Available data —
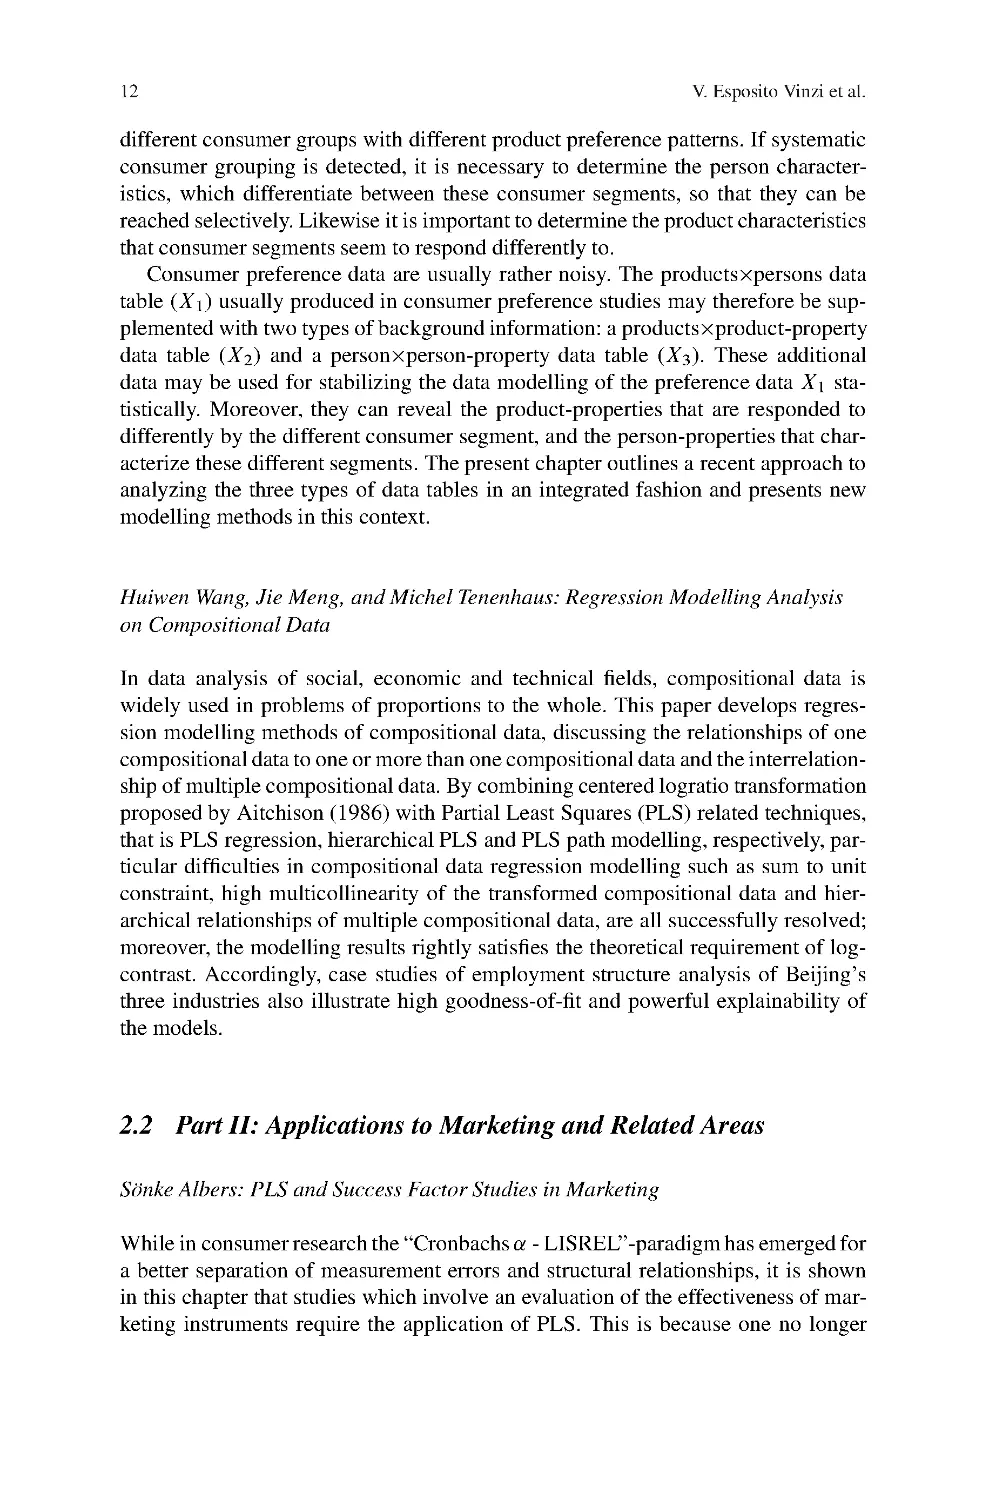 2.2 Part II: Applications to Marketing and Related Areas
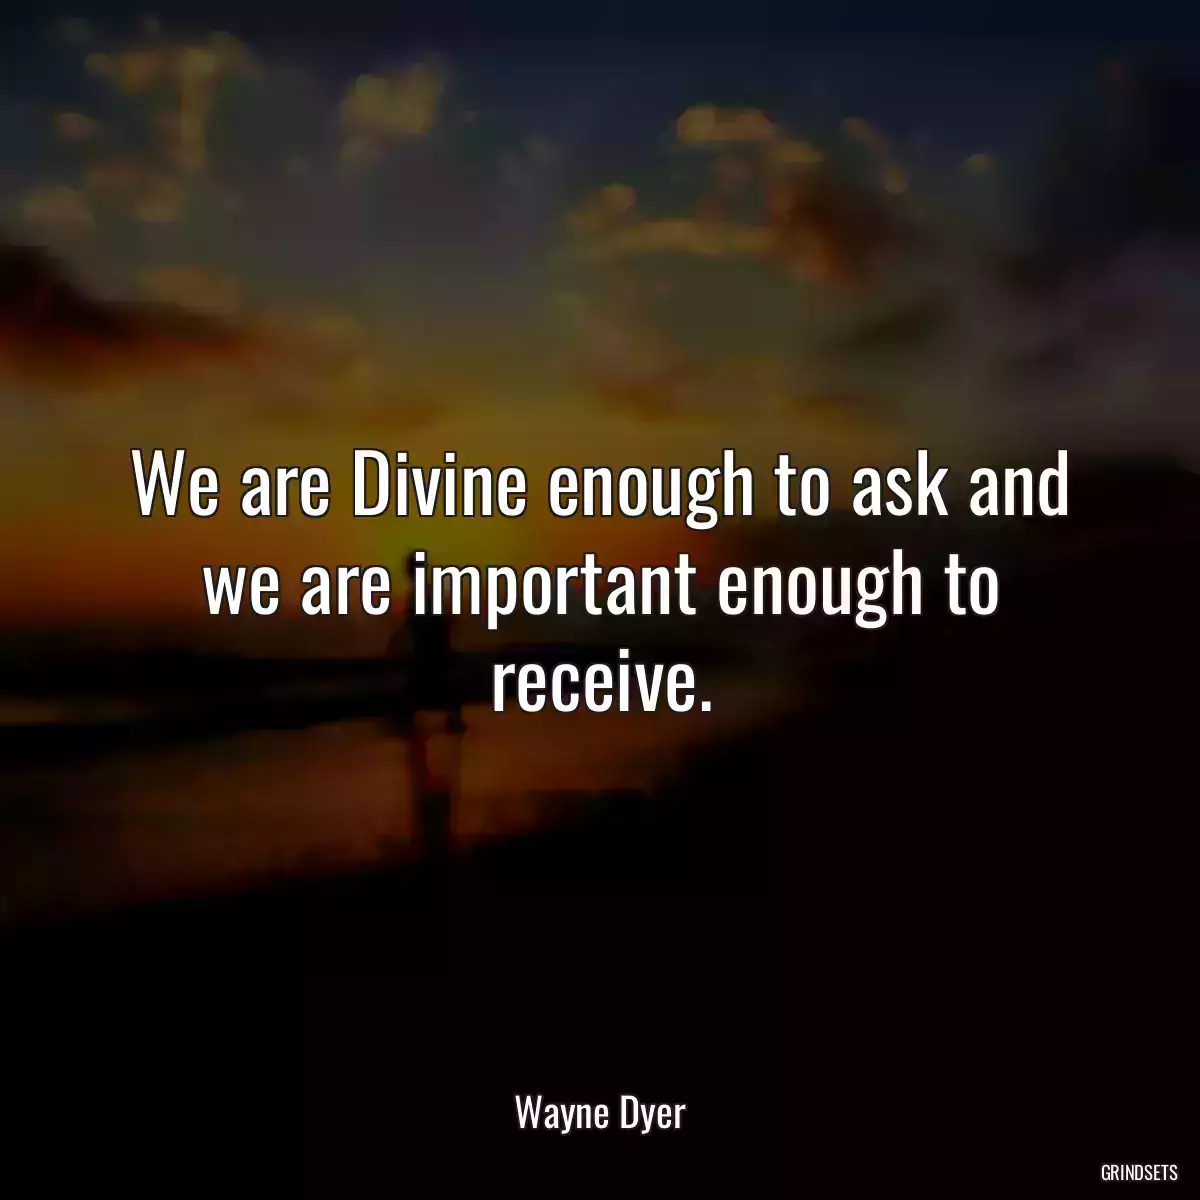 We are Divine enough to ask and we are important enough to receive.
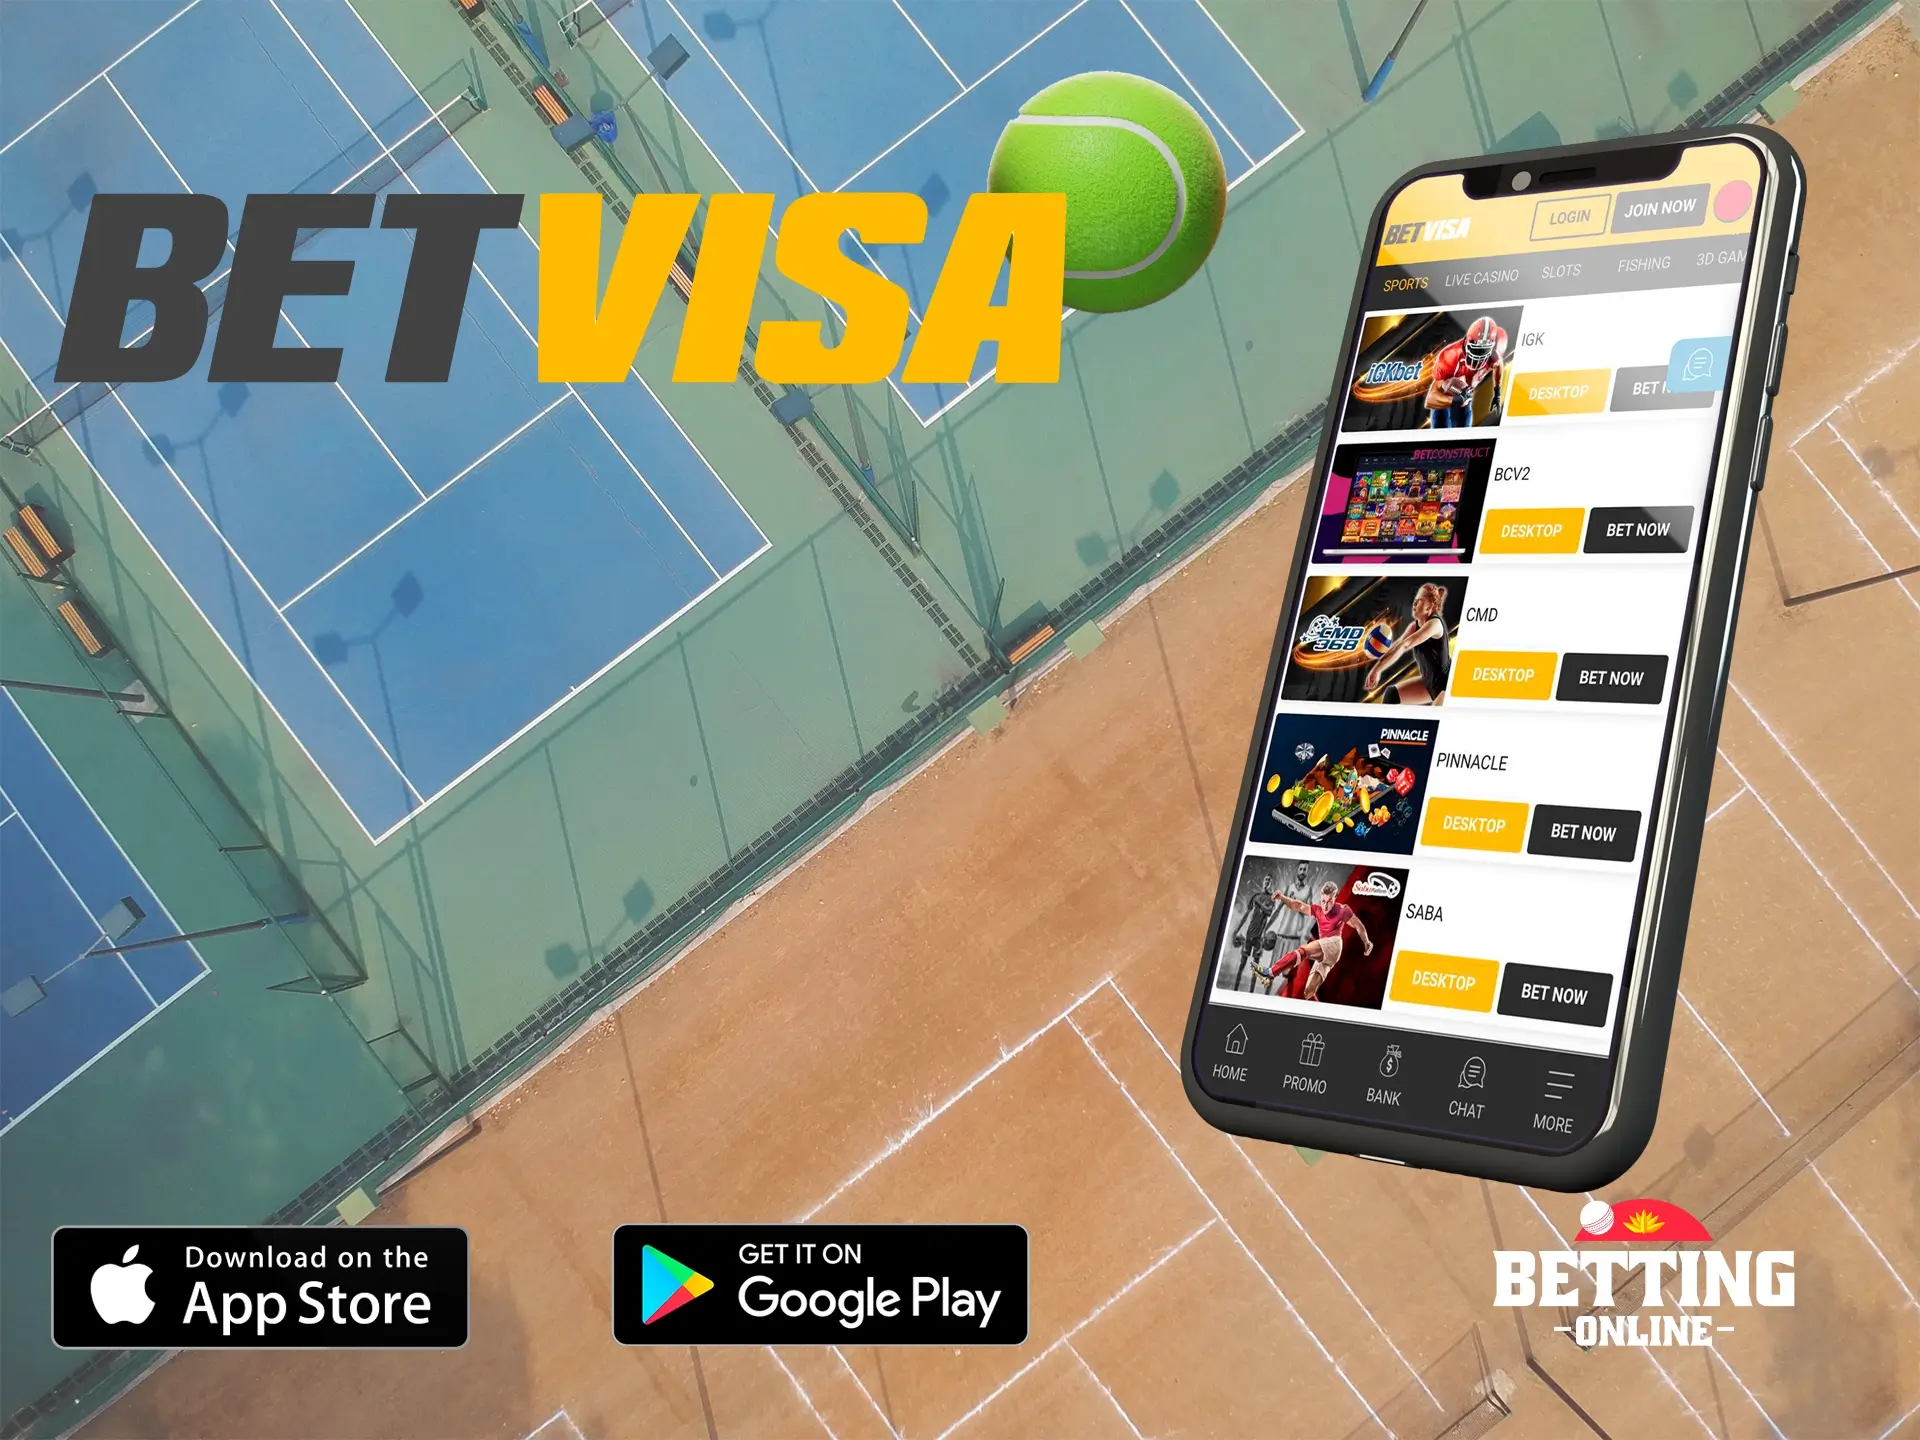 Betvisa always listens to its users and tries to improve its app as quickly as possible.
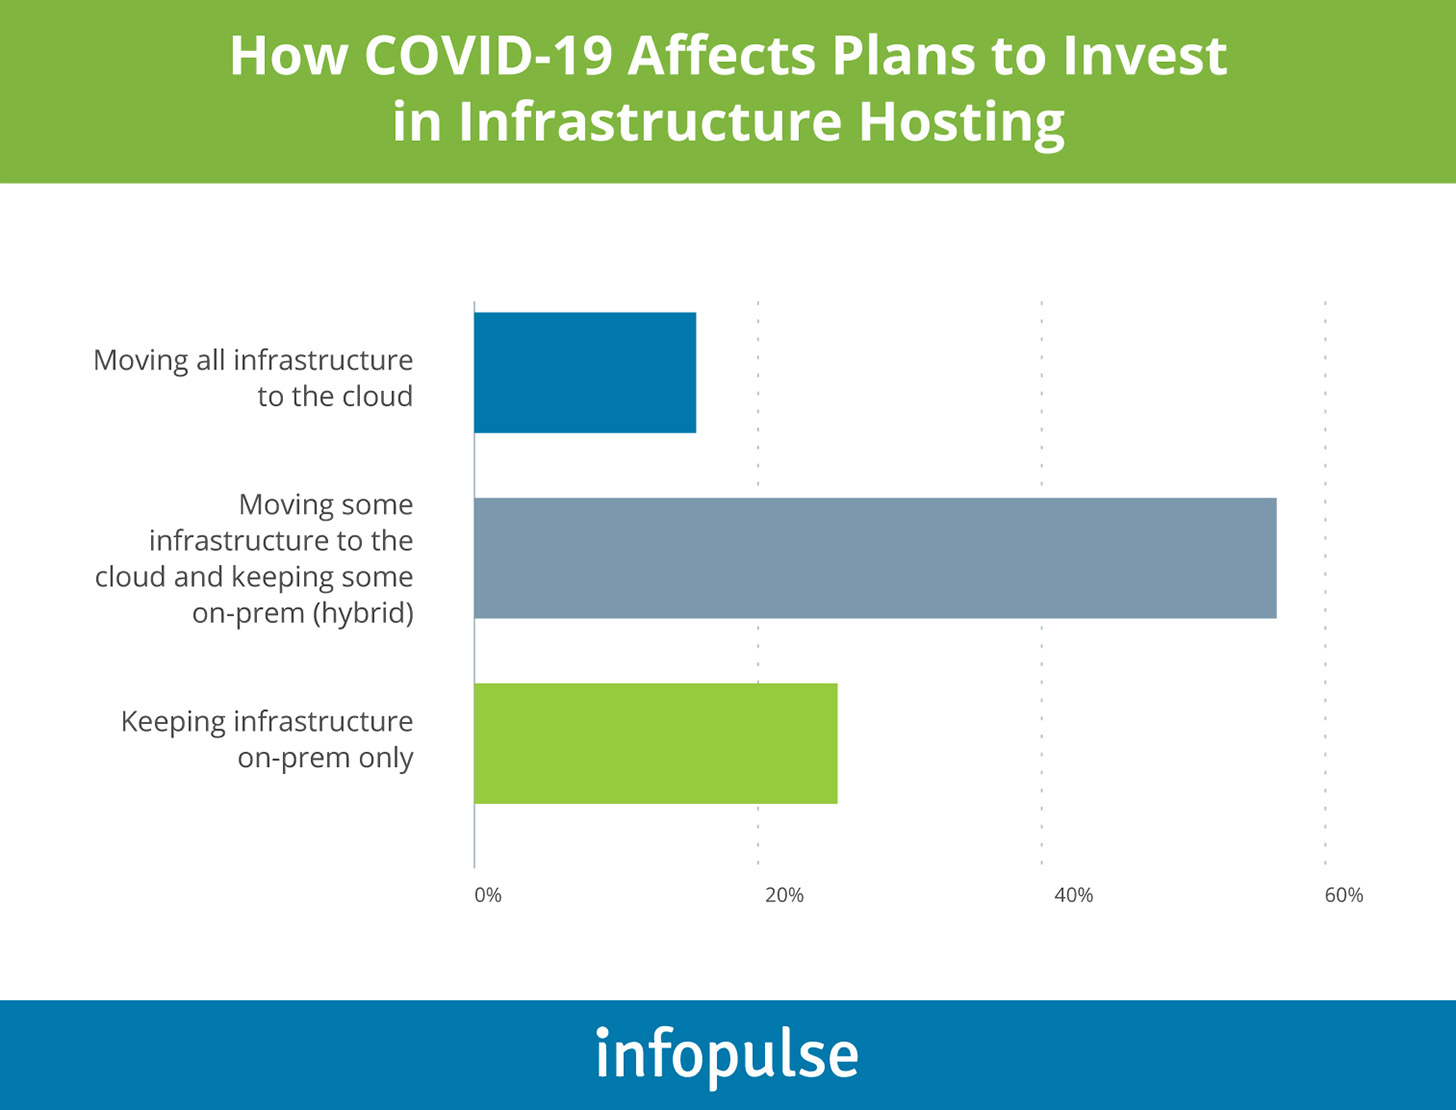 How COVID-19 affects plans to invest in infrastructure hosting - Infopulse

Task brief — Each line of the listing must be restated word for word, and the pictures left out.

Solved exercise —
 2.2 Part II: Applications to Marketing and Related Areas
 We are Divine enough to ask and we are important enough to receive.
 Betvisa always listens to its users and tries to improve its app as quickly as possible.
 How COVID-19 affects plans to invest in infrastructure hosting - Infopulse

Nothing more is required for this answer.